The groups Die Brücke (The Bridge), founded by Ernst Ludwig Kirchner, Karl Schmidt-Rottluff, and Erich Heckel in Dresden in 1905, and Der Blaue Reiter (The Blue Rider), founded by Wassily Kandinsky and Franz Marc in Münich in 1911, experimented together with form and technique, leading to groundbreaking publications and exhibitions. These and other artists working in Vienna and Berlin—collectively called the Expressionists—employed a condensed, abstracted visual language to access highly charged emotions or spiritual states.

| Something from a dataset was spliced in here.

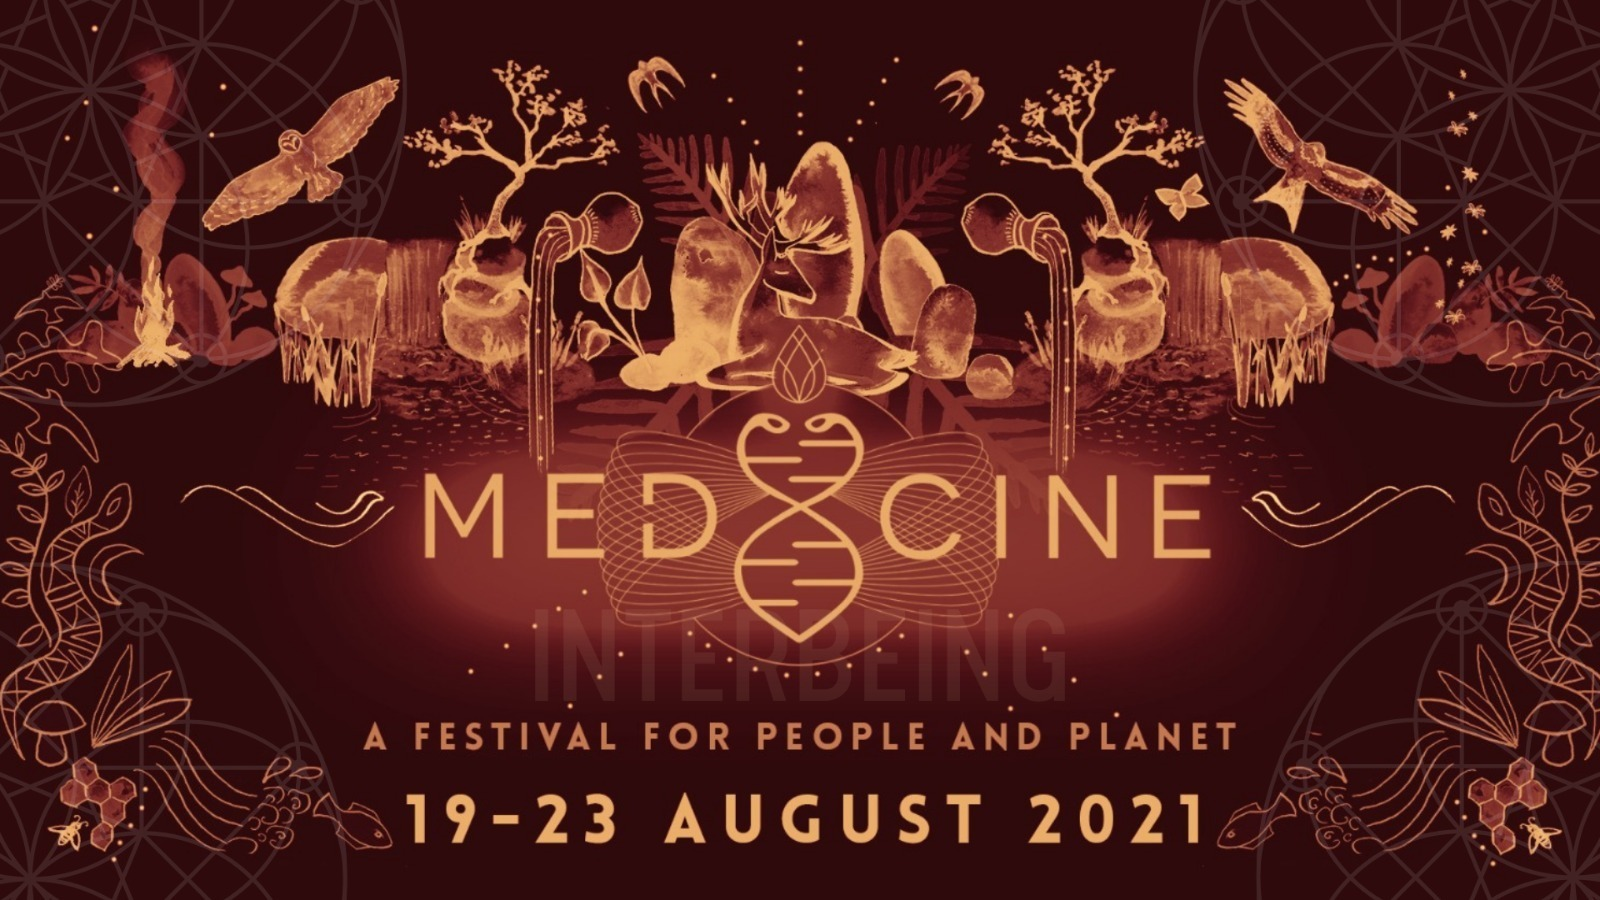 Medicine Festival 2021 // A Festival for People & Planet

Prints and drawings were essential to the Expressionists’ quest for art that was direct, frank, and immediate. Drawn from the Cleveland Museum of Art’s collection, Graphic Discontent: German Expressionism on Paper plots the purpose and impact of the graphic arts within the wider German Expressionist movement. Woodcuts—the most emblematic technique of the movement—were suited to the simplification and distortion of forms. New etching and lithographic techniques invited improvisation and promoted accidents in printing, while drawings revealed an artist’s impulse and urgency through direct marks on paper.
These graphic media suited the Expressionists’ emphasis on the mystery and spontaneity of emotions. More than 70 prints and drawings in the exhibition dating from 1905 to around 1922 present their responses to urban life, the nude, landscape, and war. Together they show how the Expressionists’ new graphic language disrupted and distorted traditional artistic themes to describe both a modern utopia and a hell on earth.